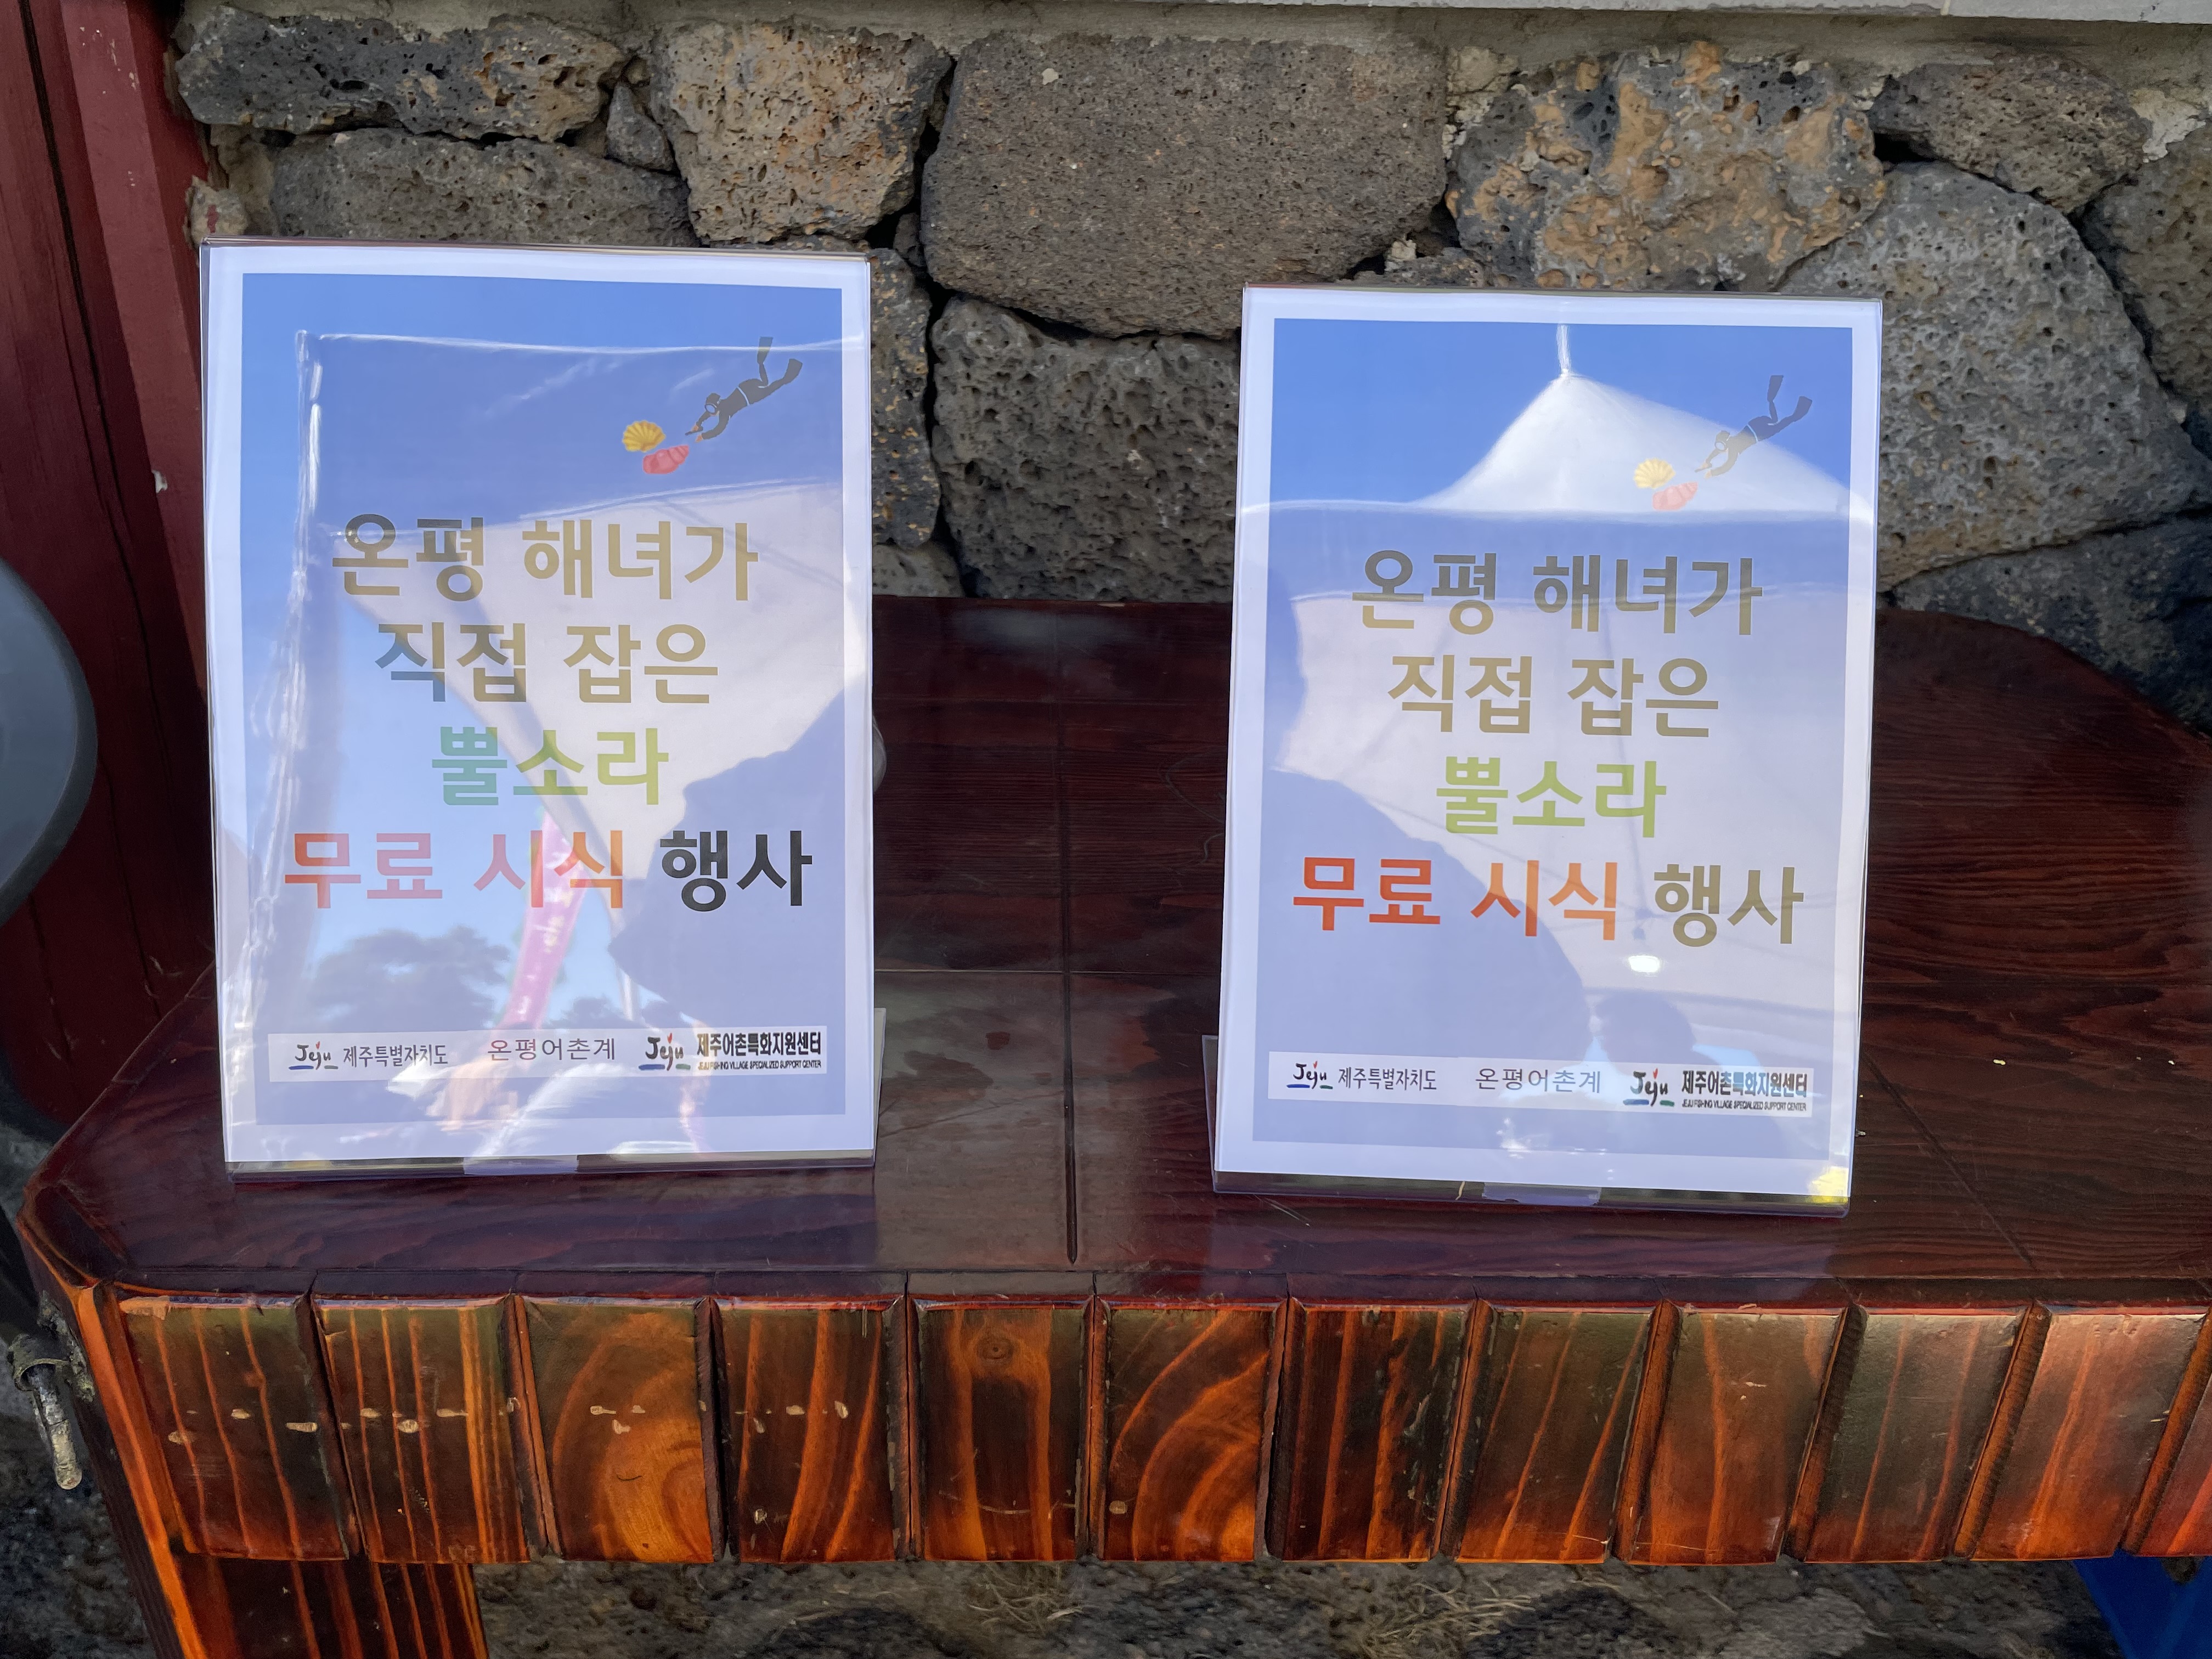 온평 해녀가 직접 잡은 뿔소라 무료 시식 행사, Jeju 제주특별자치도, 온평어촌계, Jeju 제주어촌특화지원센터 설명  이미지 2개
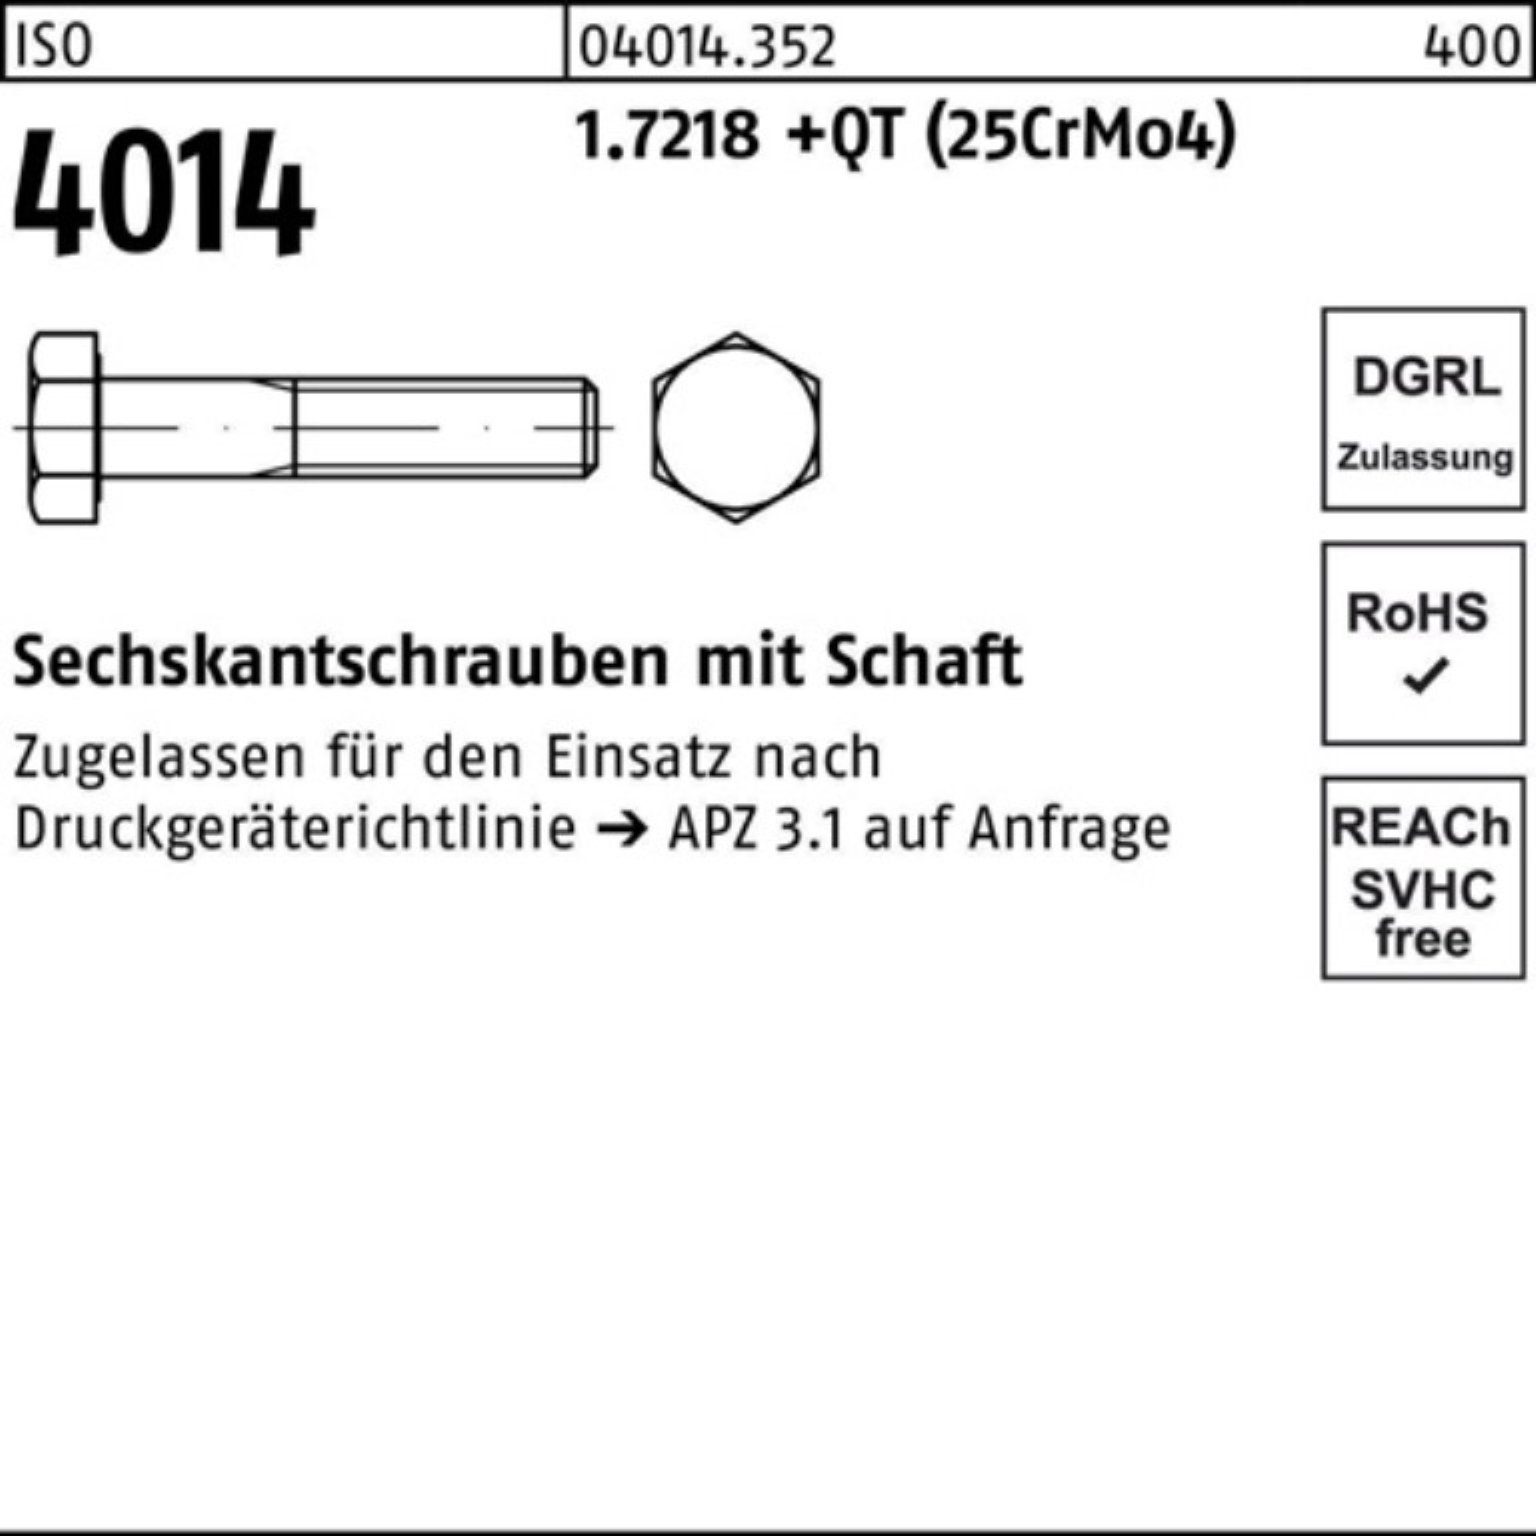 Schaft Bufab 100er Sechskantschraube ISO 4014 +QT Pack 190 Sechskantschraube (25Cr 1.7218 M30x
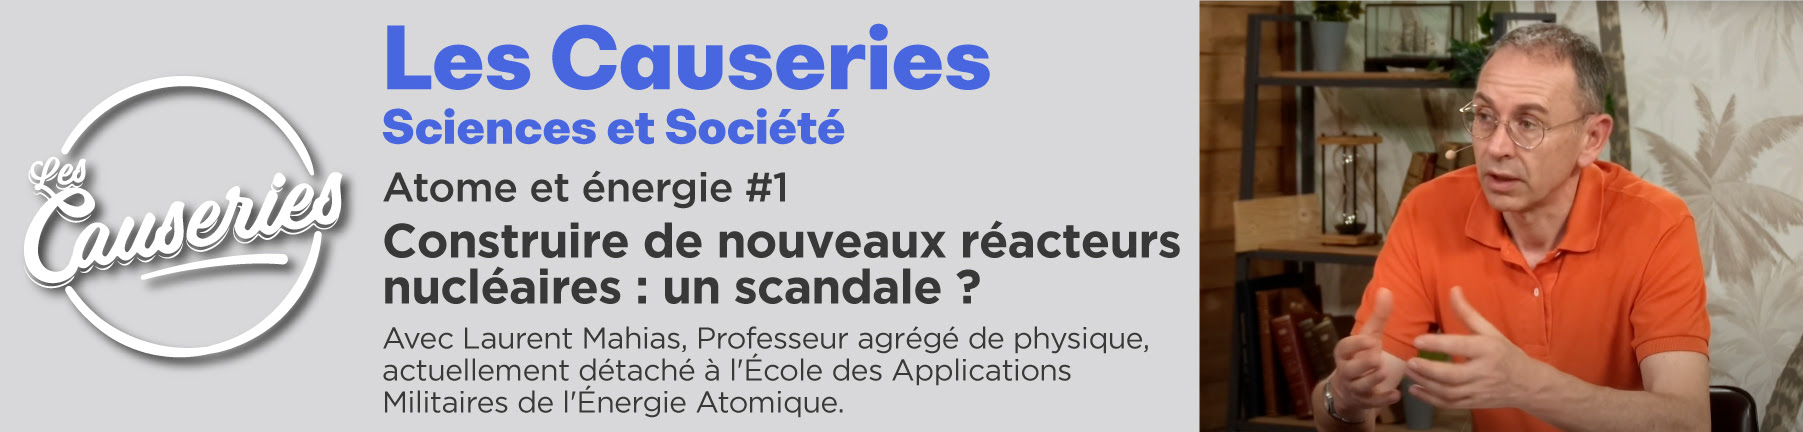 Causeries Sciences et Société

◆ PROBLEM REQUIREMENTS: Top to bottom, retype the listing exactly but drop every picture.

◆ TASK RESULT:
 온평 해녀가 직접 잡은 뿔소라 무료 시식 행사, Jeju 제주특별자치도, 온평어촌계, Jeju 제주어촌특화지원센터 설명  이미지 2개
 Schaft Bufab 100er Sechskantschraube ISO 4014 +QT Pack 190 Sechskantschraube (25Cr 1.7218 M30x
 Causeries Sciences et Société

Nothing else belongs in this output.